Saturday, 27 de April de 2024 ISSN 1519-7670 - Ano 24 - nº 1285

Estado de violência

Os jornais paulistas noticiam nas edições de quinta-feira (16/5) dois crimes violentos cometidos na região Oeste de São Paulo na noite de terça. No bairro de Perdizes, um estudante da Pontifícia Universidade Católica, de 23 anos, foi baleado no pescoço ao sofrer um assalto. Os ladrões queriam seu telefone celular. Em Pinheiros, um atendente de padaria, de 22 anos, foi morto com dois tiros por ladrões que levaram sua mochila e seu telefone.

No primeiro caso, os diários destacam que a vítima foi baleada mesmo sem ter reagido. No segundo caso não há testemunhos, mas pode-se supor que também não houve reação, porque a vítima foi surpreendida por dois assaltantes.

A imprensa trata de maneiras diferentes os dois episódios semelhantes. A Folha de S.Paulo junta as duas histórias e registra no título: “Balconista é morto em Pinheiros, e aluno da PUC, baleado em Perdizes”. O Estado de S. Paulo dá amplo destaque para o caso do estudante baleado e registra em uma coluna curta o assassinato do atendente de padaria. O título da reportagem principal diz o seguinte: “Aluno da PUC fica meia hora à espera de socorro; TJ volta a proibir resgate por PM”. No título da nota ao lado, lê-se que “Rapaz de 22 anos é morto em assalto em Pinheiros”.
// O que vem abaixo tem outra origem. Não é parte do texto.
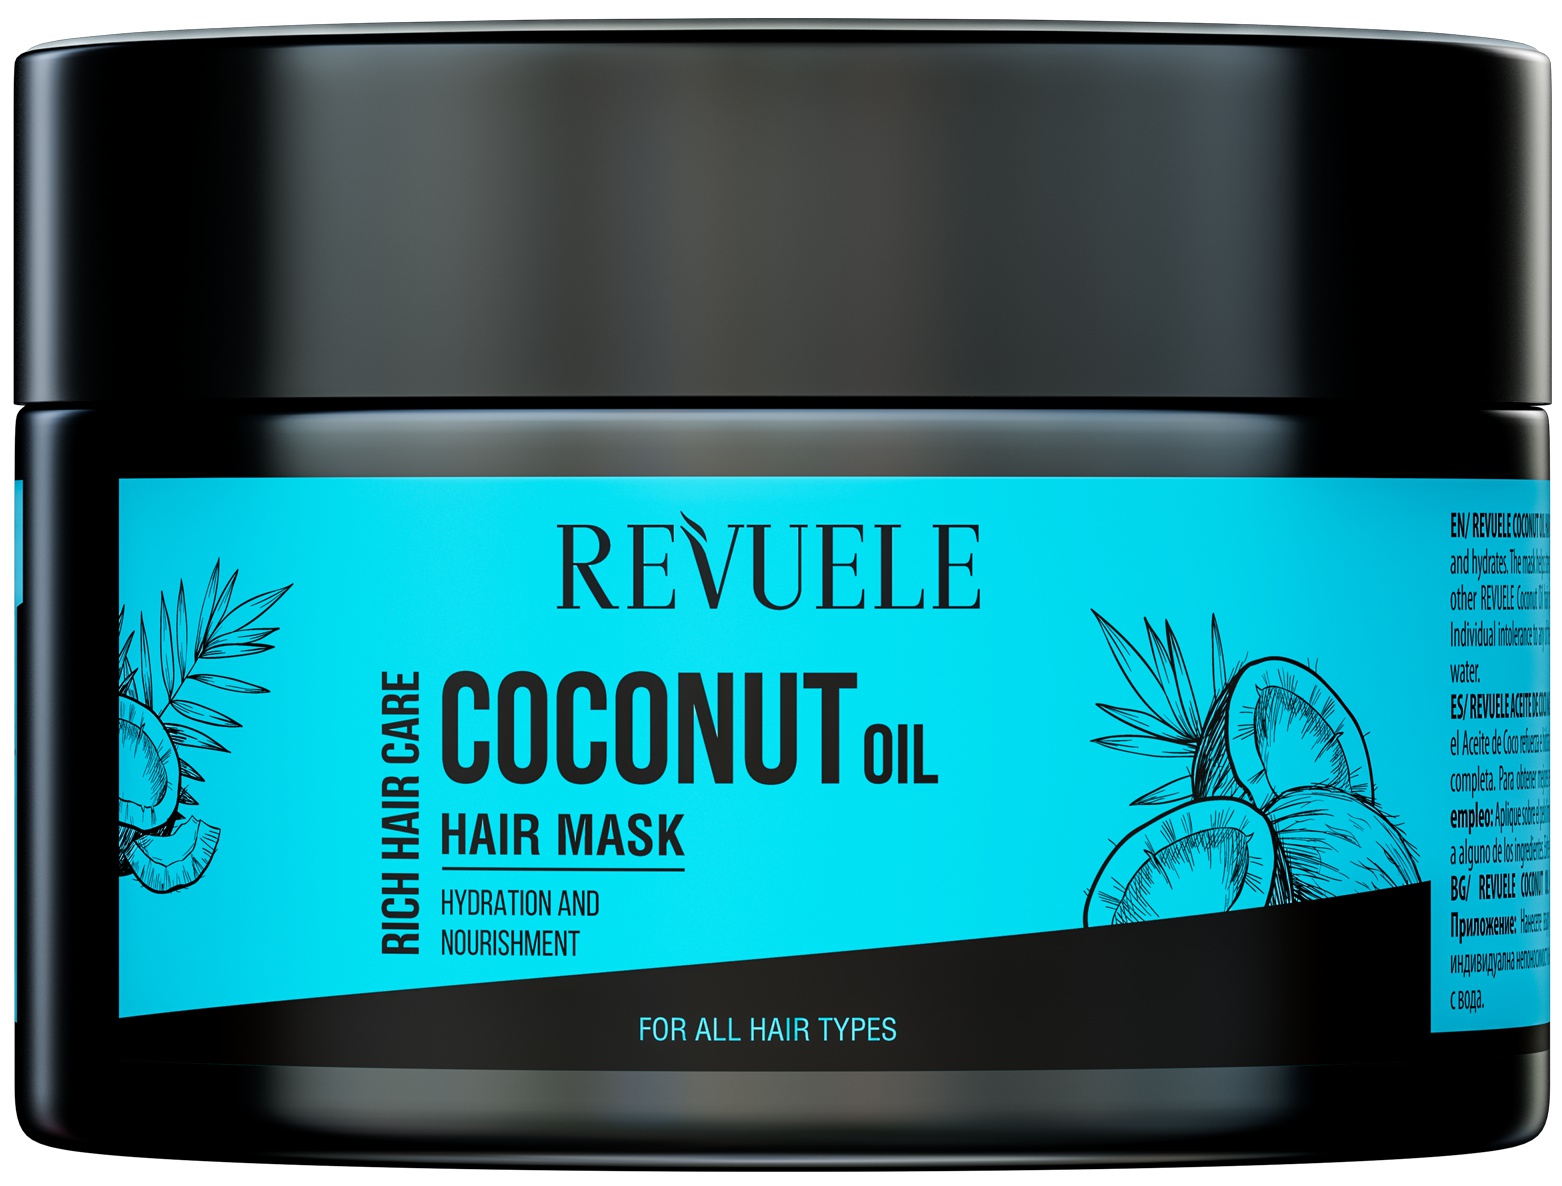 Revuele Coconut Oil Hair Mask

Vamos passar ao largo dos critérios adotados pelo Estado para uma hierarquia das vítimas: o tratamento desigual dado aos dois acontecimentos indica que um universitário que sobrevive a um tiro vale, para o jornal, mais do que um ajudante de padaria que morre baleado, ainda que as circunstâncias motivadoras dos dois crimes – o roubo de um telefone – sejam iguais. Por coincidência, os dois aparelhos eram da mesma marca, do tipo smartphone.

Não há como avaliar tal critério de decisão editorial sem passar por uma reflexão penosa que fatalmente conduziria à conclusão de que a imprensa, ou parte dela, dá valores diferentes para os seres humanos conforme seu status social, sua atividade profissional ou o lugar onde vive.

Sob qualquer critério, a morte do balconista é fato mais chocante do que o atentado que deixou o estudante com um ferimento grave, ainda que com risco de vir a morrer em consequência do tiro. Pode-se dizer que o editor do Estado optou por destacar o caso do aluno da PUC por causa da oportunidade de colocar em discussão a proibição de que policiais militares prestem socorro a vítimas de lesões corporais graves.

Epidemia de assassinatos

Para o Estado, importante é discutir essa decisão polêmica do governo paulista, tomada pelo fato de que policiais militares costumam atirar contra suspeitos, alegando que haviam reagido à abordagem, e simulam o socorro, deixando-os morrer ou apressando a morte dentro da viatura. Para a Folha, pelo menos no caso presente, importante é destacar a violência.

A banalidade com que os criminosos matam ou tentam matar as vítimas de assalto é fenômeno mais ou menos recente em São Paulo e certamente tem a ver com a estratégia de segurança pública adotada no estado. Em qualquer circunstância, não é aceitável o espantoso aumento dos casos de latrocínio, ainda mais levando-se em conta o valor irrisório dos objetos subtraídos das vítimas.

Sem confronto, sem risco, aproveitando-se da surpresa e sem qualquer temor de virem a ser apanhados e, se o forem, de virem a ser punidos, os ladrões “evoluíram” para o papel de executores em um número de ocorrências que deveria estar provocando muito mais indignação do que o que se vê na imprensa.

Uma epidemia de assassinatos motivados pelo interesse de roubar telefones usados, como acontece nos últimos meses, deveria estar perturbando a consciência das autoridades e dos jornalistas.

Não se trata de crimes misteriosos: por trás de cada assalto há um receptador que encomendou o telefone; depois do receptador há os compradores de aparelhos usados; os negociantes que vendem esses aparelhos têm domicílio; os aparelhos podem ser identificados.

Se a posse de um telefone com acesso à internet virou um risco de morte, é preciso pensar o sistema como um todo, e não apenas fazer a polícia ficar correndo atrás dos assaltantes. Afinal, o que é que faz um telefone se tornar tão valioso a ponto de levar um criminoso a arriscar a pena por latrocínio em vez da acusação de roubo, que praticamente não resulta em prisão?

Ao destacar as semelhanças entre a morte do ajudante de padaria e a tentativa de matar o universitário, a Folha escancara o absurdo da violência que se abate sobre os cidadãos. Mas não vai adiante, como se evitasse colocar em discussão uma política de segurança que, ao que tudo indica, faz São Paulo viver em estado de violência.